You fractured your fibula not the tibia, and this typically would be fixed with a plate and screws. It also looks like your ankle mortise is widened on the medial side (inside). (the space between your tibia and the talus)

You very well may have flipped a piece of your deltoid ligament into the joint. This would require two incisions, one for the plate and screws, and another on the inside of your ankle. You did not include the important lateral x-ray- I hope they got one as well.

As I said in the earlier post, it is pretty rare to dislocate an ankle and not get an associated fracture. Your x-rays confirm this.

Your fracture is very obvious- the ER doc you saw was a moron if he or she missed this- really, really weak. What would they be doing if you had a serious life threatening event? I wouldn't be going back there anytime soon.

Personally, I would get a copy of the note from the ED doc where it says he/she did not see a fracture, then get copies of the notes and x-ray reports which clearly do show an obvious fracture, and send it all to the risk management people at the hospital where you were initially seen.
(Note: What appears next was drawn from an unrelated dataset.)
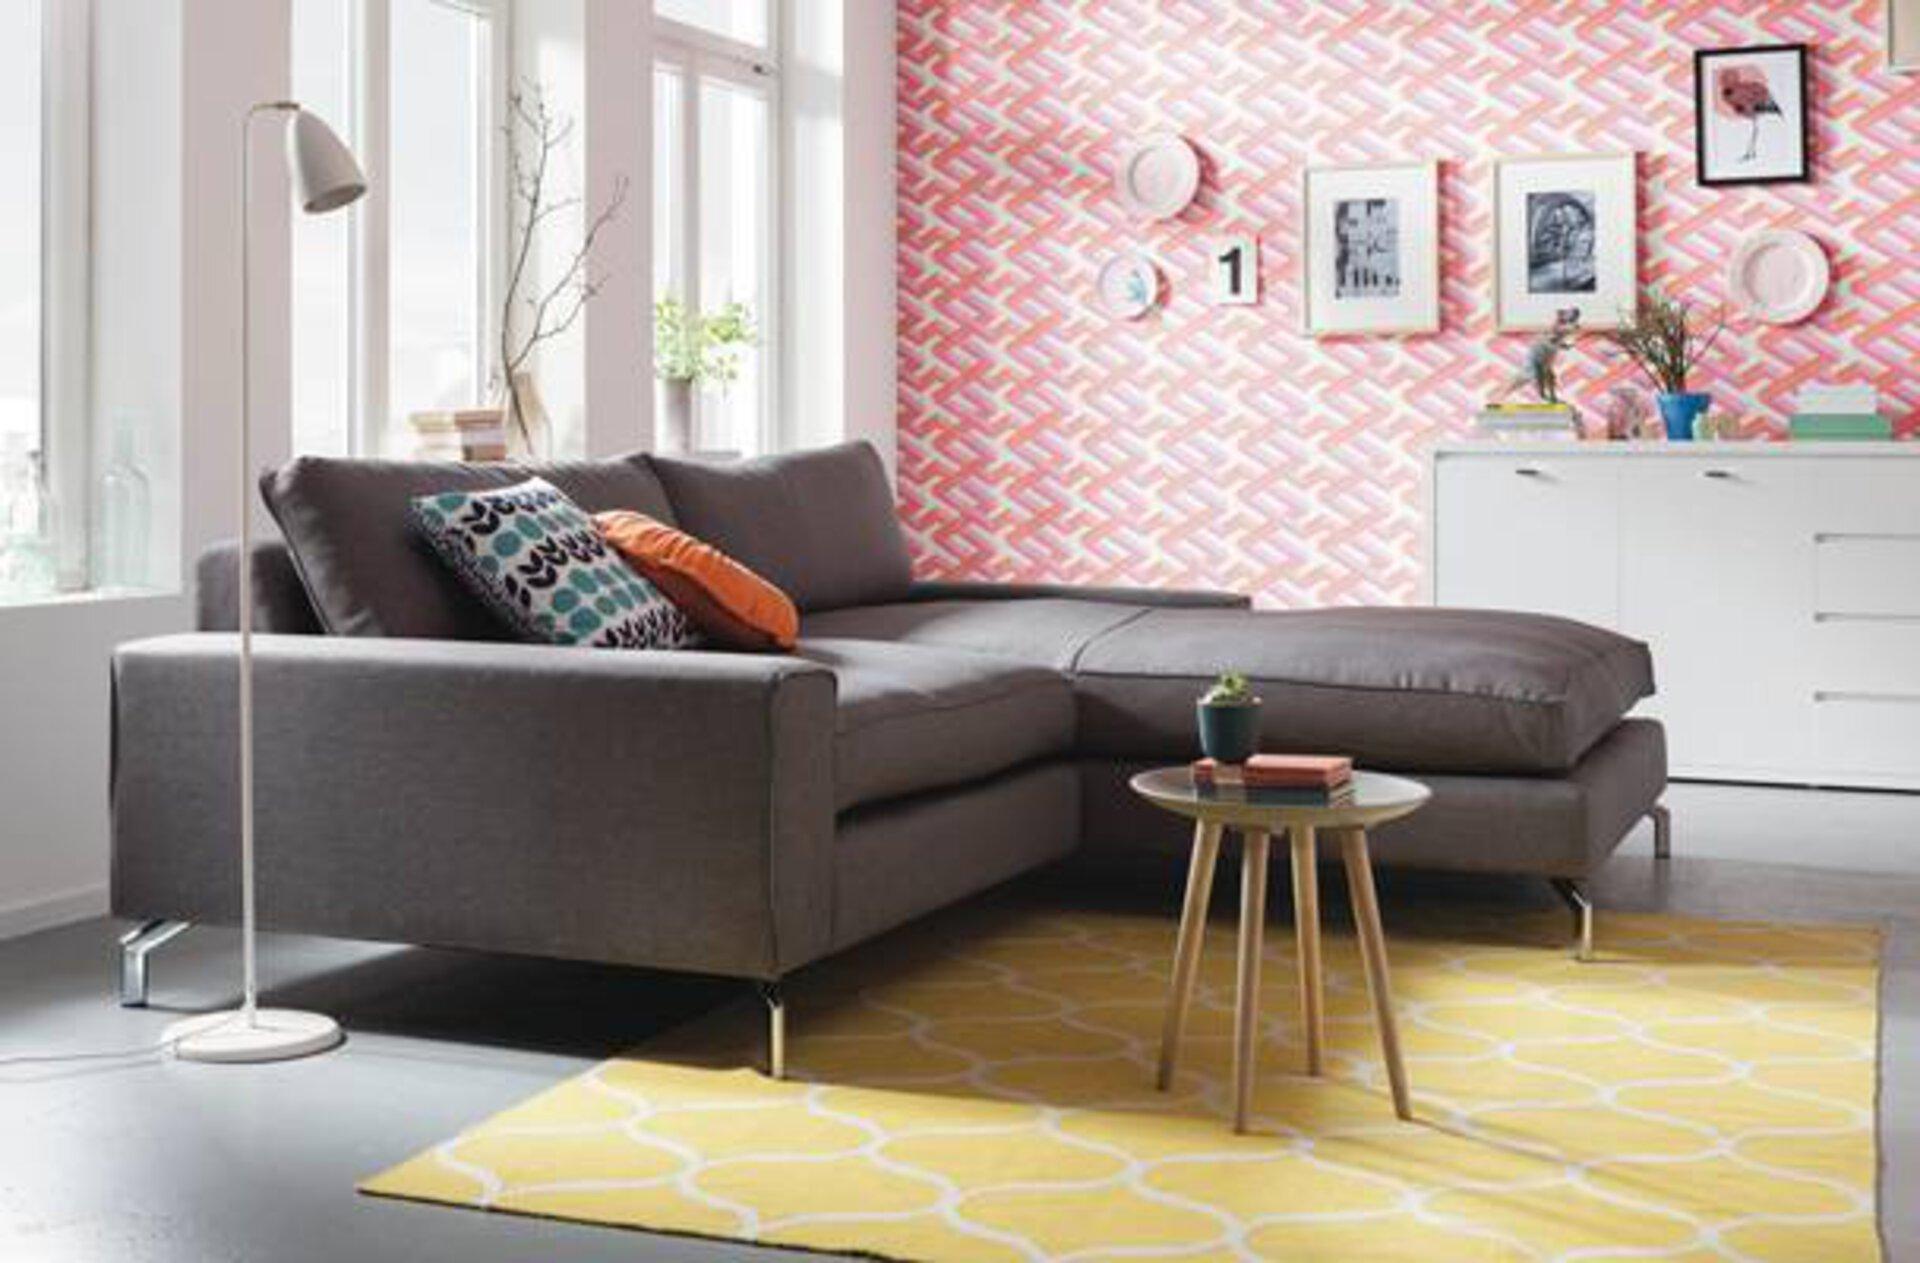 Das cleane und geradlinige Sofa im Micro Living Stil  passt sich perfekt in jedes Einrichtungskonzept ein.

This serves the purpose of hopefully having the hospital educate the ER doc that missed your fracture, and perhaps will help someone else in the future with a similar injury. No one knows everything, but missing this fracture, if it's as you reported, is egregiously bad.

You're probably looking at the surgery itself (keep it elevated so it doesn't swell too much and your skin is OK with no blisters), perhaps 4 weeks non-weight bearing in a splint/cast, then PT with range of motion, balance, strengthening, etc in a boot for a while. This is all somewhat surgeon dependent.

How do I know this? It's the internet, and I'm a full time academic orthopaedic orthopaedic surgeon. Good luck.
 
Not that it's that important, but this is a pronation/external rotation injury. You can search on the Lauge Hansen classification. It looks like your syndesmosis is widened as well. not uncommon with these injuries. This would probably require a screw across the tibia and fibula, which would be removed at some point. The other hardware would stay in place unless it bothered.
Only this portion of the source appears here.